## TASK TO CARRY OUT
Here the job is to transcribe the data verbatim while leaving each picture out.

## THE DATA
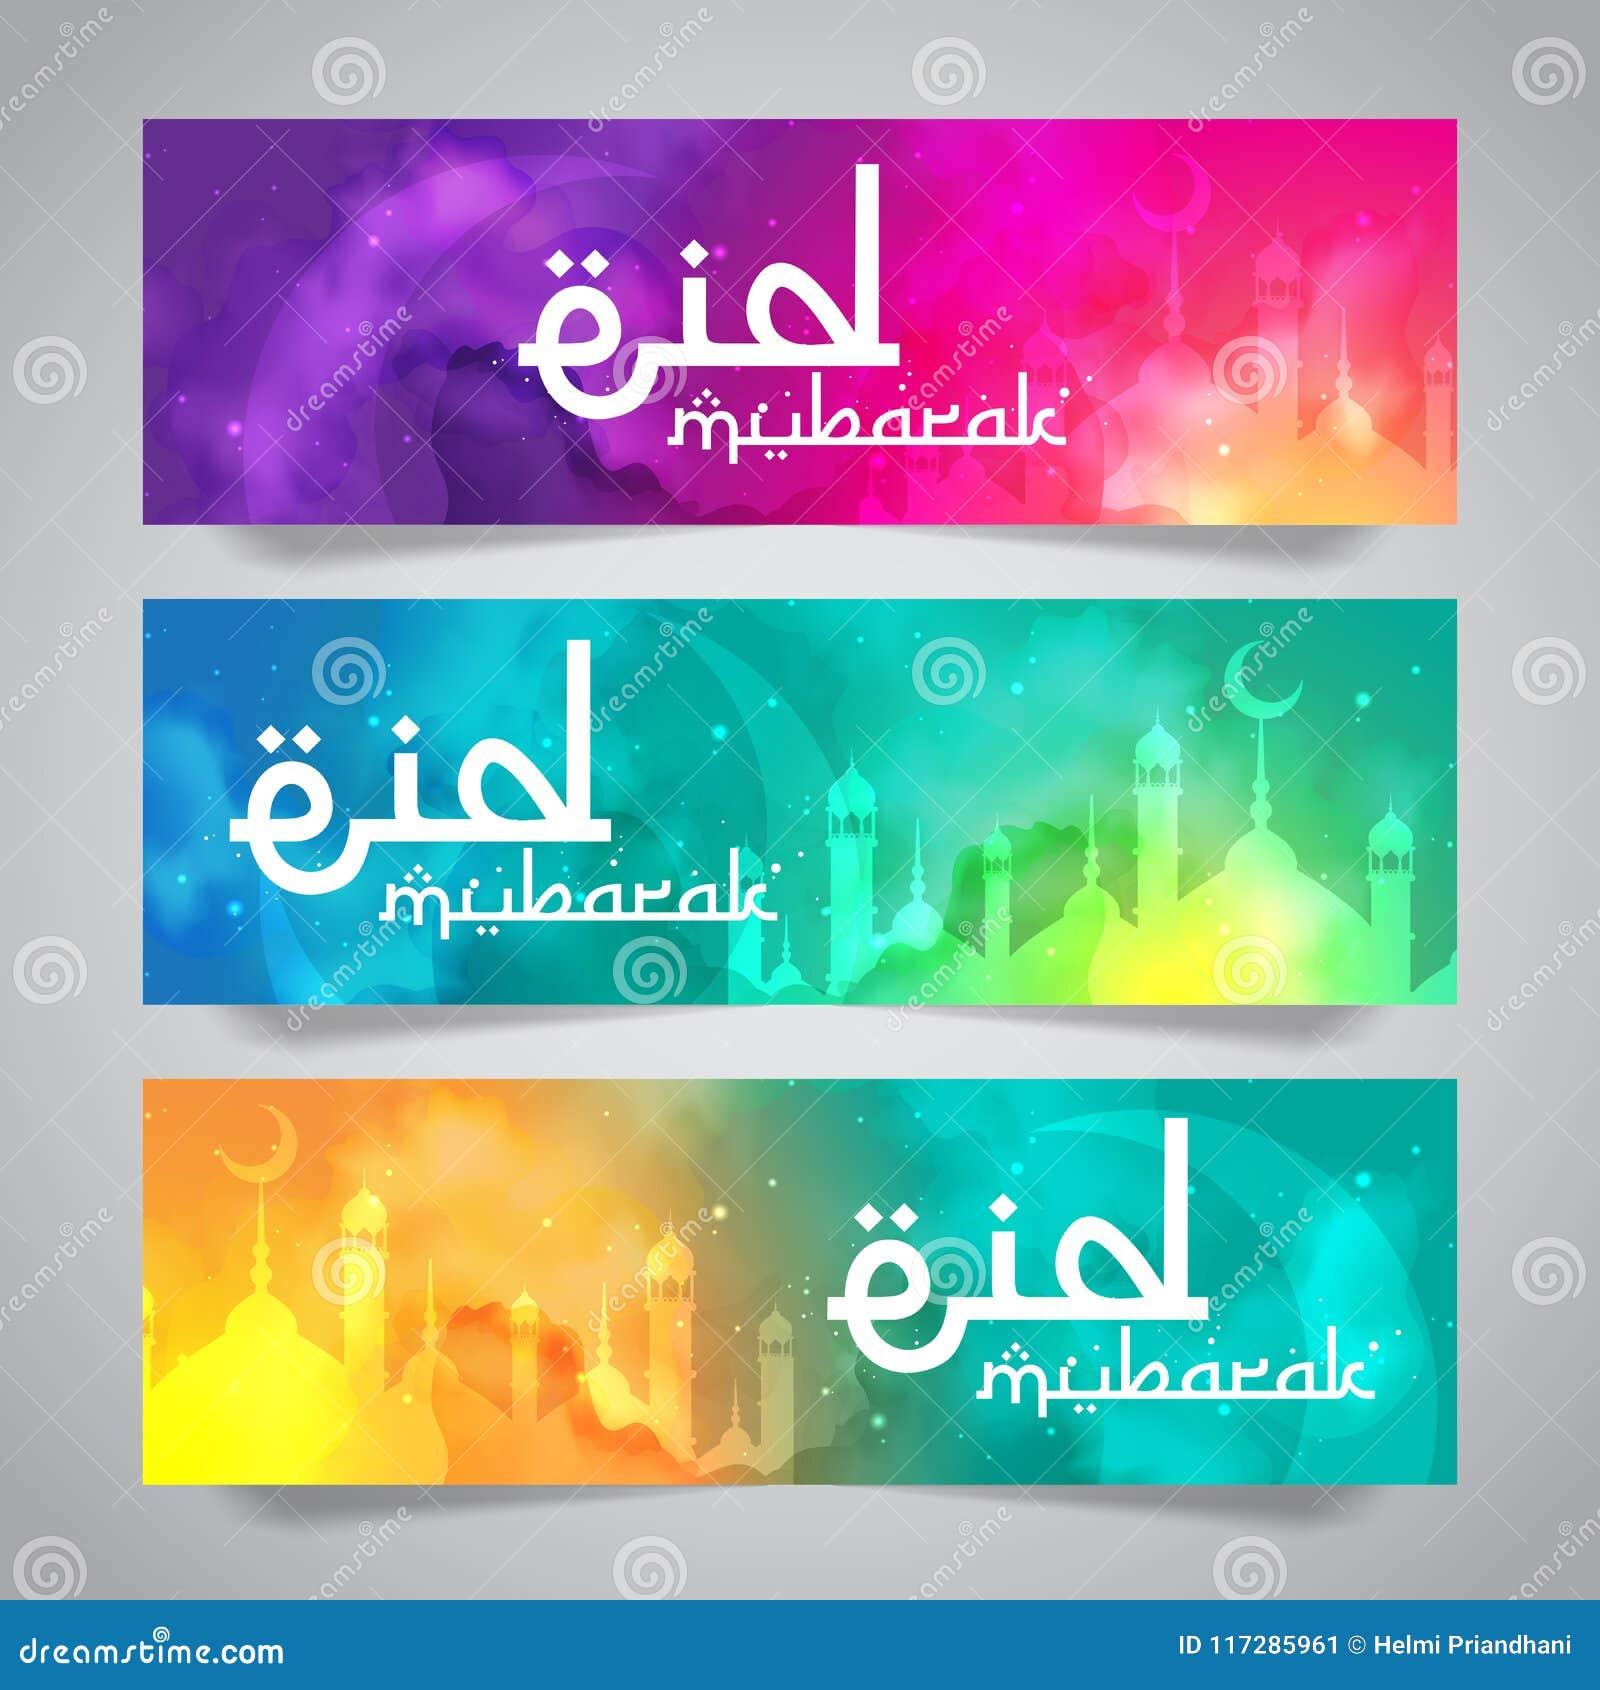 Eid Mubarak Islamic Greeting do molde santamente da bandeira do mês
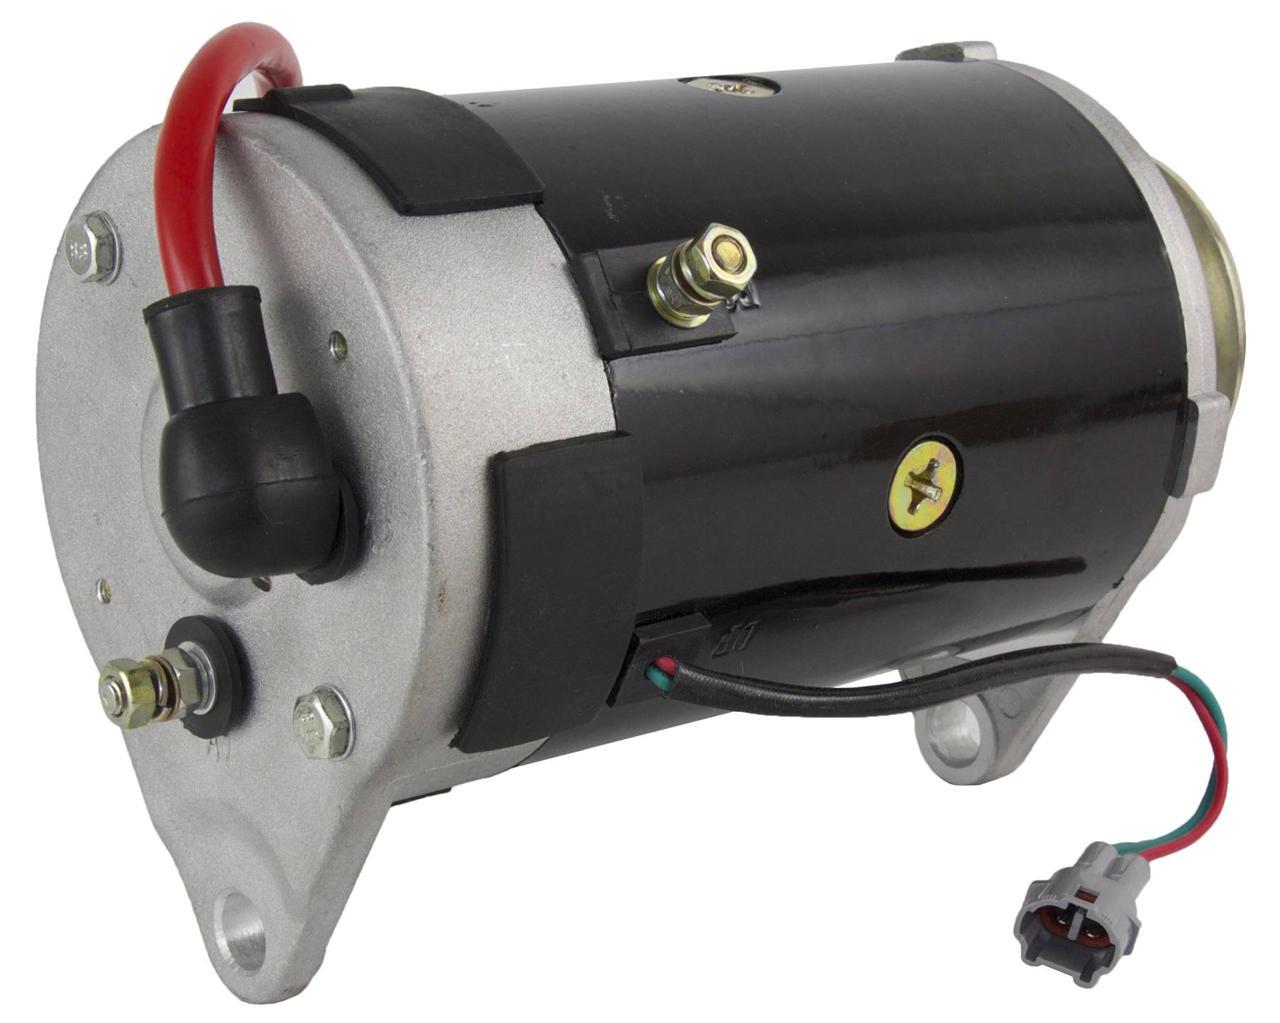 yamaha g16 golf cart solenoid wiring diagram starter generator yamaha golf cart g16-g22 jn6-h1100-00-00 ... yamaha g16 starter wiring
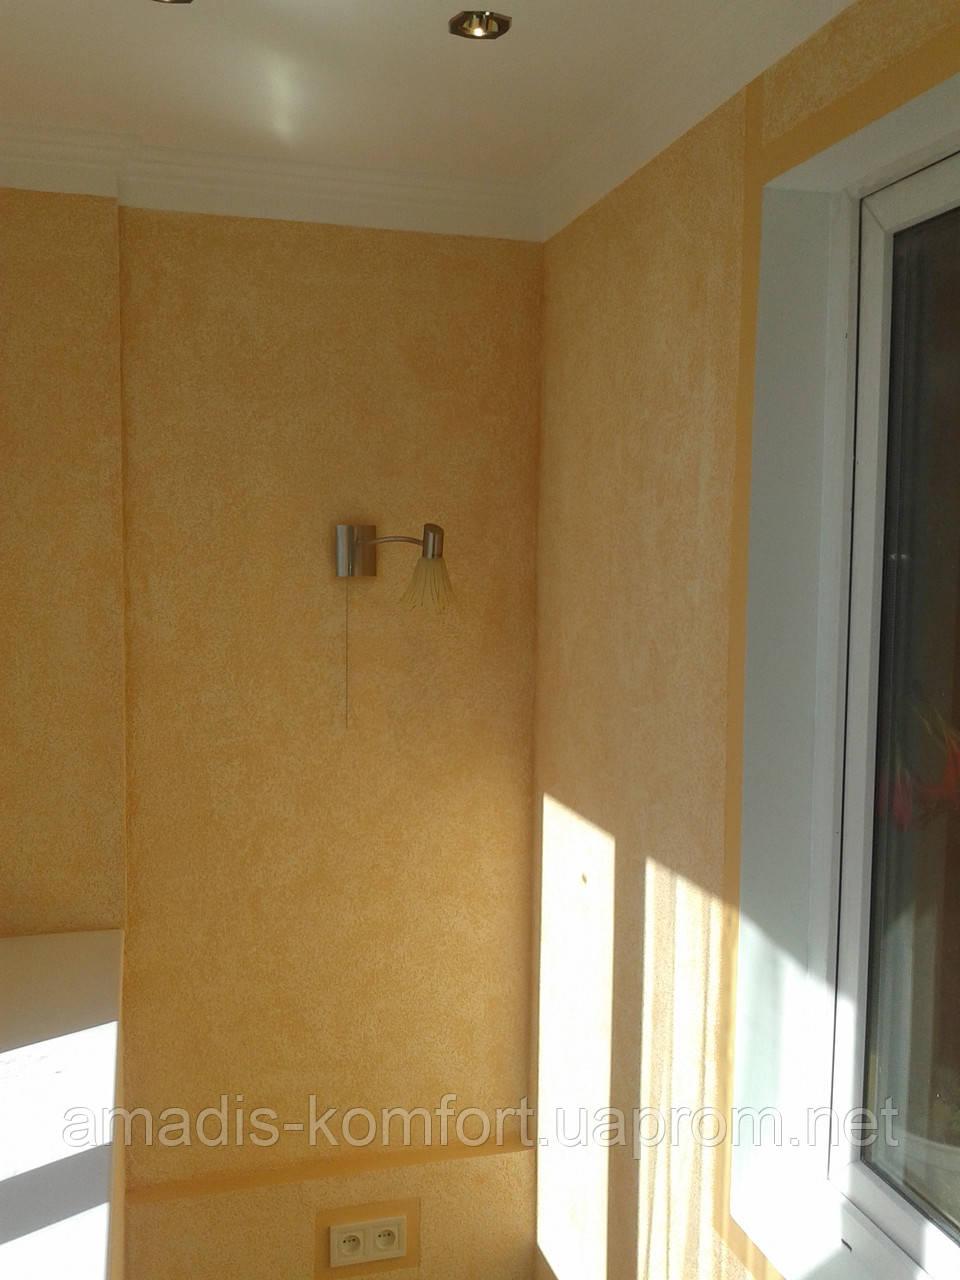 Утепление и ремонт балкона, цена 350 грн./кв.м, заказать в к.

## OUTPUT BELOW
 Eid Mubarak Islamic Greeting do molde santamente da bandeira do mês
 yamaha g16 golf cart solenoid wiring diagram starter generator yamaha golf cart g16-g22 jn6-h1100-00-00 ... yamaha g16 starter wiring
 Утепление и ремонт балкона, цена 350 грн./кв.м, заказать в к.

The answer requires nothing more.